George Smith (died Monday 29 June 1761 at The Castle in Marlborough) was an English cricketer and also the "keeper" (i.e., strictly speaking a leaseholder) of the Artillery Ground, which was cricket's main venue in London during the mid-Georgian period.

Smith was the landlord of the neighbouring Pyed Horse Inn, through which admittance to the Artillery Ground was compulsory. He was an occasional player in matches but he seems to have been one who "made the numbers up". His real significance was his role as groundkeeper during the 1740s until 1752. Smith had a number of well-publicised problems over the years, especially around admission fees and security. It is possible that several planned matches were cancelled whenever the Honourable Artillery Company demanded its ground back or, as often occurred, simply took umbrage. Smith was sometimes accused of having breached the terms of his lease and these instances may have been due to crowd control issues, which was a frequent problem at big matches, or perhaps to do with excessive gambling.

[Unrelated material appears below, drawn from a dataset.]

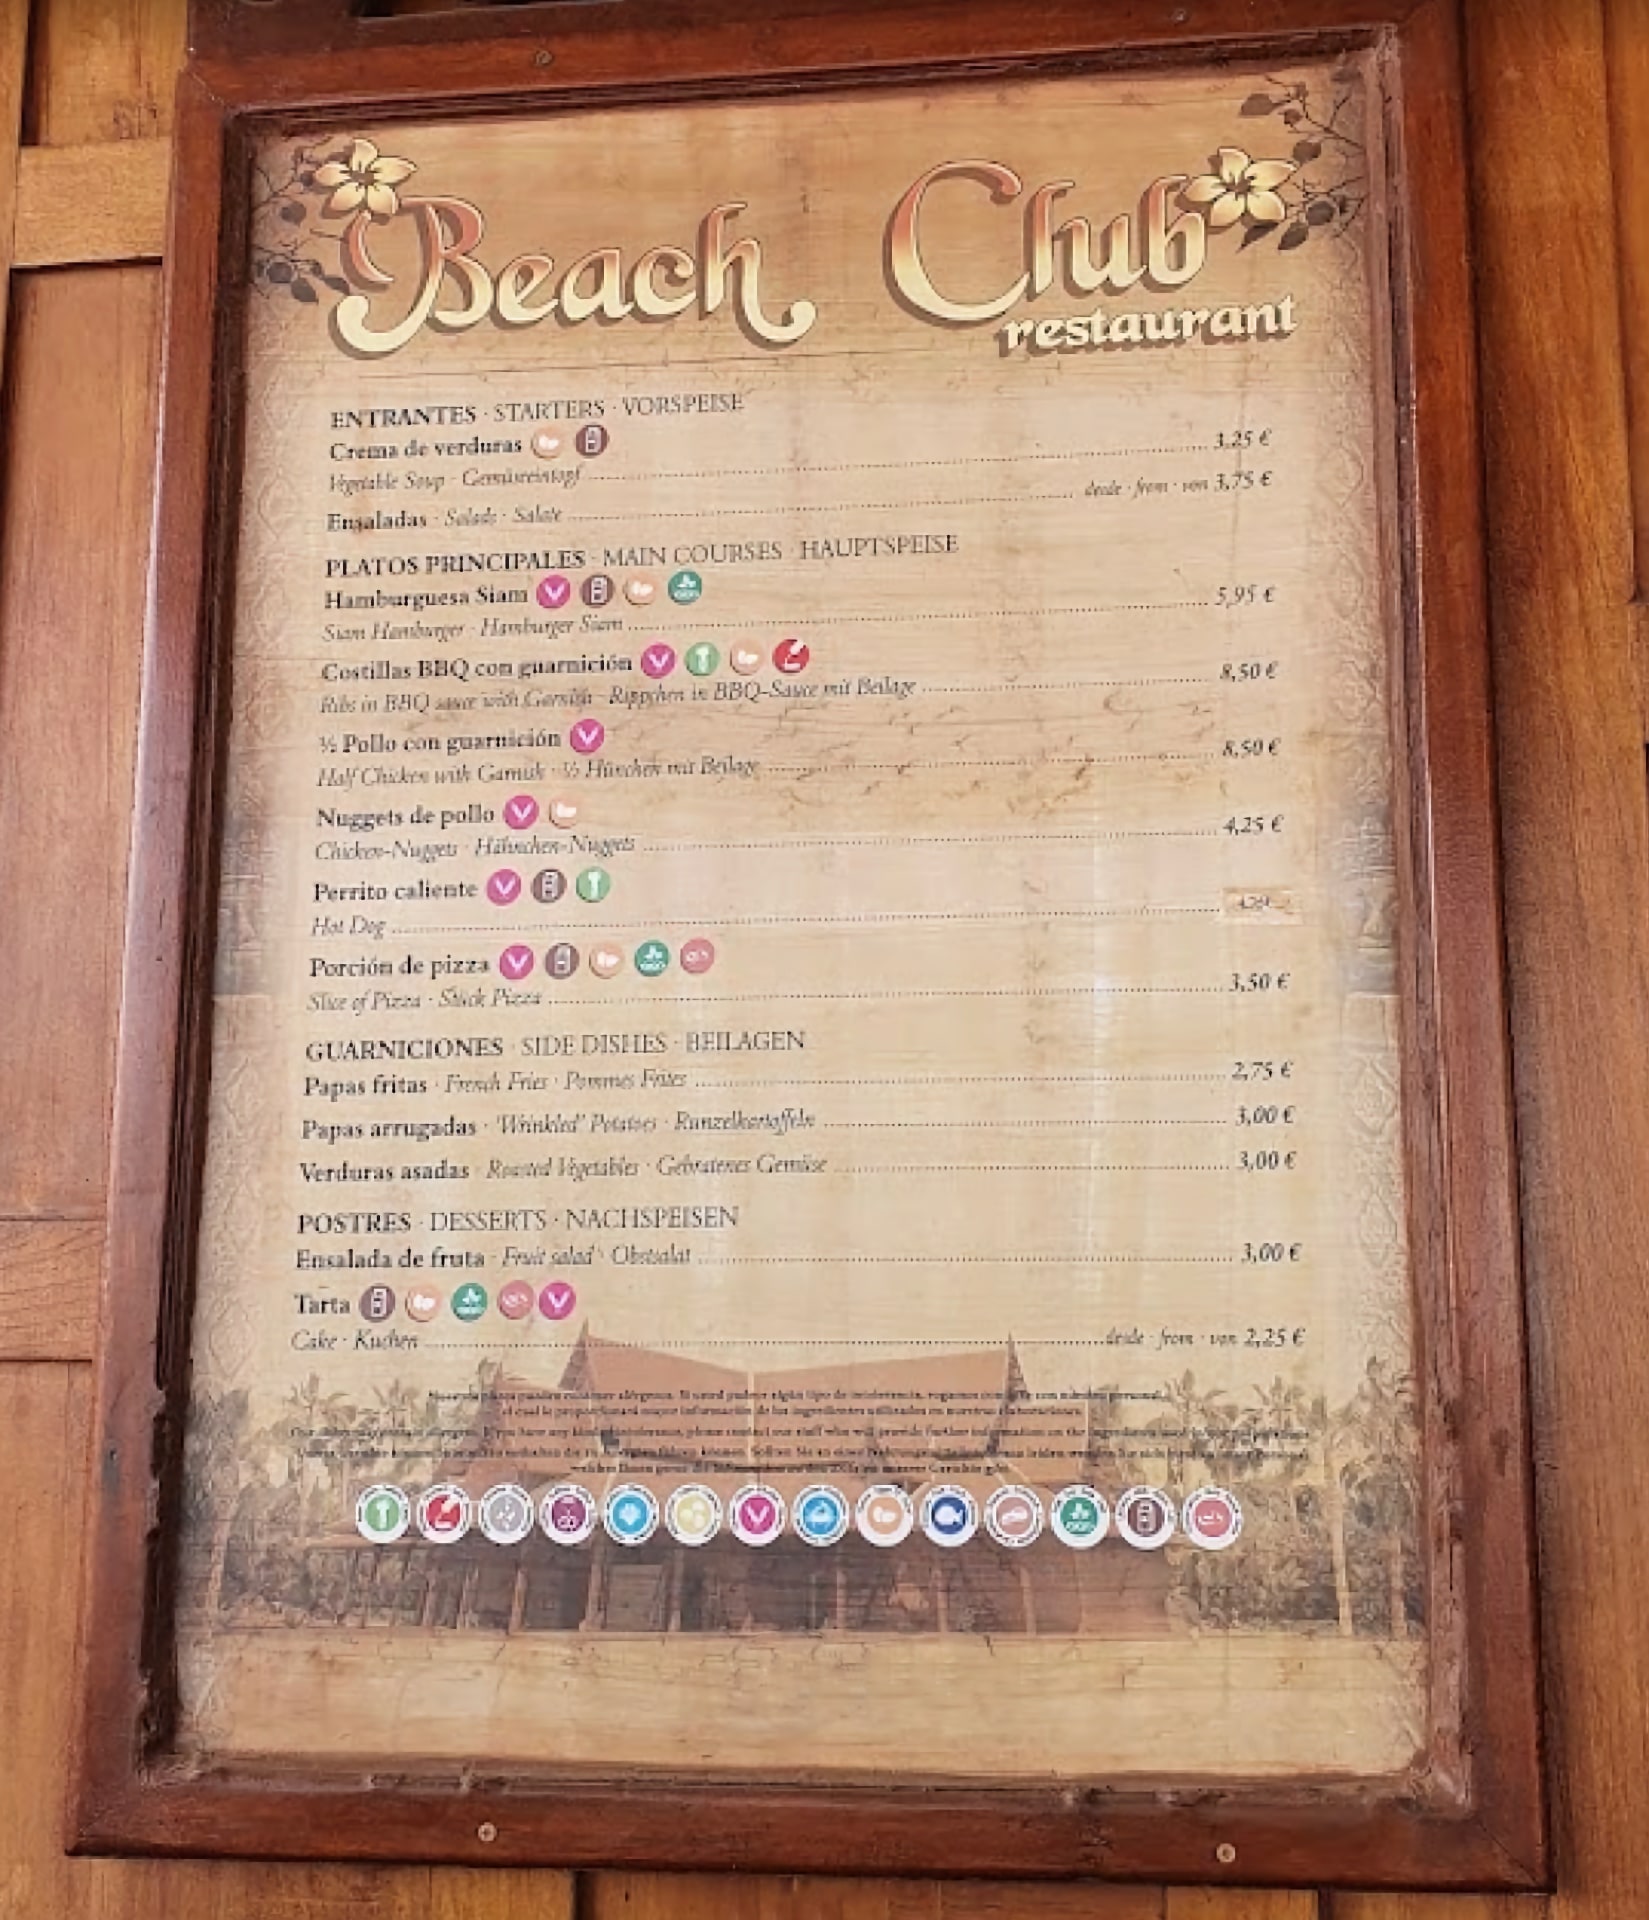 Delicious menu options at the beach club in Siam Park, Tenerife, offering a wide range of delectable dishes and drinks

He had numerous problems with money. In 1747, he issued a statement that: "These matches being attended with great Charge the Door, for the Future, will be Six-pence; Two-pence not being sufficient to defray the Expence". Followed by another that: "The Town may be certain that the taking Six-pence Admittance is out of no avaricious Temper. Two-pence being greatly insufficient to the Charge that attends the Matches, which Mr Smith is ready and willing to make appear to any Gentleman".

In 1748, he declared bankruptcy. Evidently his pricing problems of recent years did have some basis in needing to balance the books after all. A number of notices appeared in the press during the first six months of 1748 but Smith eventually resolved his problems, perhaps through the sale of other property, and was able to retain control of the Artillery Ground until 1752.

On Thursday 27 February 1752, the Daily Advertiser reported that George Smith of the Artillery Ground has taken the late Duke of Somerset's house at Marlborough and intends to open it as an inn. Smith offered the Artillery Ground and its dwelling house, etc. on lease for 7 years. He had evidently overcome his bankruptcy problems.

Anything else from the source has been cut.